Is the intention to export metrics from the cluster to 3rd party observability vendor? E.g. use CMO to collect metrics, forward them to the OpenTelemetry collector, and from there integrate with 3rd party vendors? For this use-case, the CMO should support Prometheus remote-write protocol.

simonpasquier · 2023-06-20T08:30:49Z

I agree with @pavolloffay it would help if you can provide more details about your use case. Is the goal to replace the existing Prometheus stack by the OTEL collector? Prometheus is a corner stone of the cluster monitoring operator (alerts, dashboards, ...).

jaronoff97 · 2023-06-20T18:13:04Z

@pavolloffay that's the intention yes. I have it right now where the collector can be installed with the target allocator and prometheus CR functionality enabled to pull down the servicemonitor config created by the CMO, however, the collector doesn't have access to the secrets/configmaps created by the CMO out of the box which requires some pretty tedious wiring. Further, the collector doesn't have a prometheus remote write receiver yet (issue) so we coudn't have the CMO use that to forward those metrics.

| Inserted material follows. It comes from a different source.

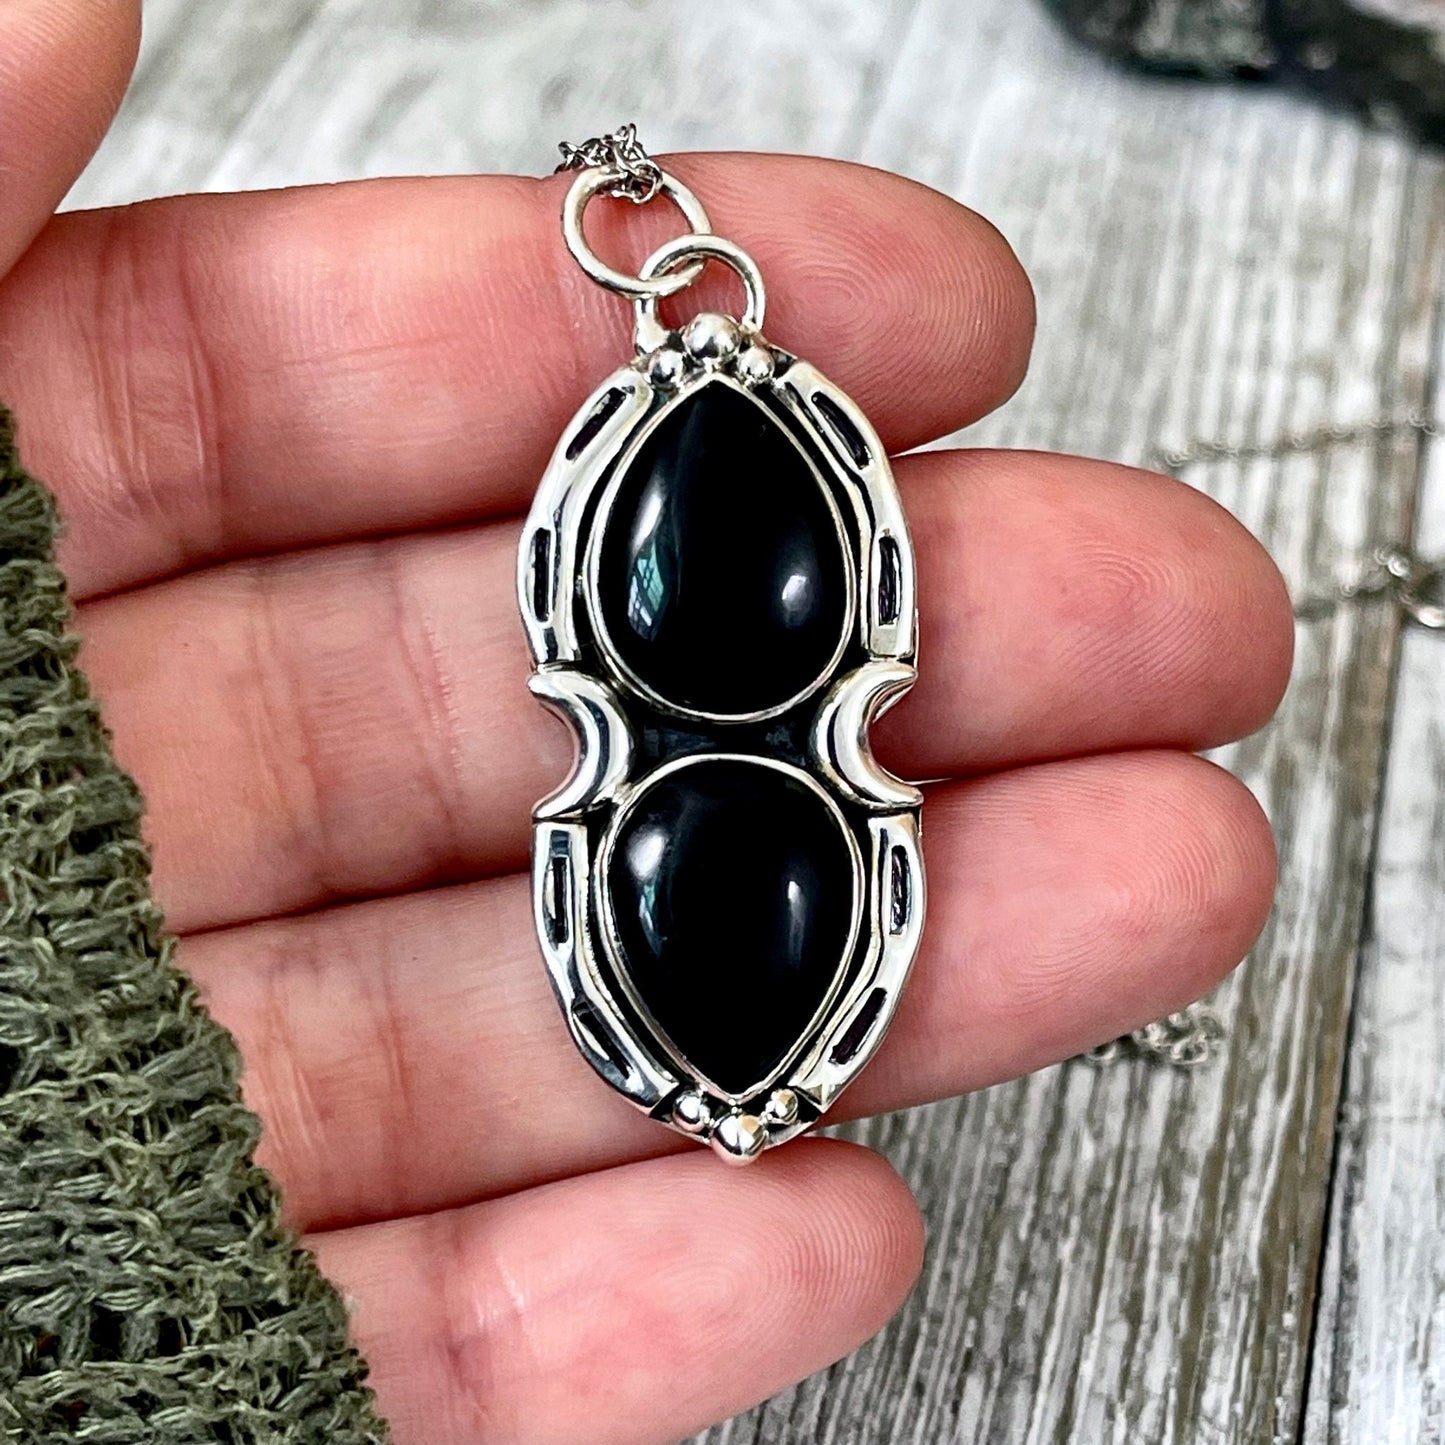 Black Onyx Mystic Moon Crystal Statement Necklace in Sterling Silver / Designed by FOXLARK Collection - Foxlark Crystal Jewelry

@simonpasquier I'm aware of why the CMO exists to install prometheus for alerts and dashboards, however, for a user who is sending data to a vendor for those capabilities, prometheus mostly exists as a scraping mechanism (hence the use of the collector)

simonpasquier · 2023-06-21T08:20:56Z

Does it mean that the OTEL collector supporting the Prometheus remote write protocol as a receiver is good enough?

jaronoff97 · 2023-06-21T19:56:40Z

It's not ideal, i would much rather this chart be able to run the otel collector / otel operator as an alternative to the default prometheus components. It would make a customer's experience using openshift with an external vendor much more seamless. If that's not possible, however, I think the prometheus remote write idea may be sufficient in the interim.

smithclay · 2023-06-21T20:39:33Z

Chiming in to share some more details re: the ask and @jaronoff97's use case:

We’re seeing teams with very large OpenShift clusters standardize all of their telemetry and telemetry infrastructure around OpenTelemetry. In OpenShift and Kubernetes, almost all of these teams also want to scrape the standard cluster metrics from kube-state-metrics, node-exporter, kublet (etc) and send them to remote endpoints (vendors, internal telemetry pipelines, other clusters, etc) via the OTLP protocol.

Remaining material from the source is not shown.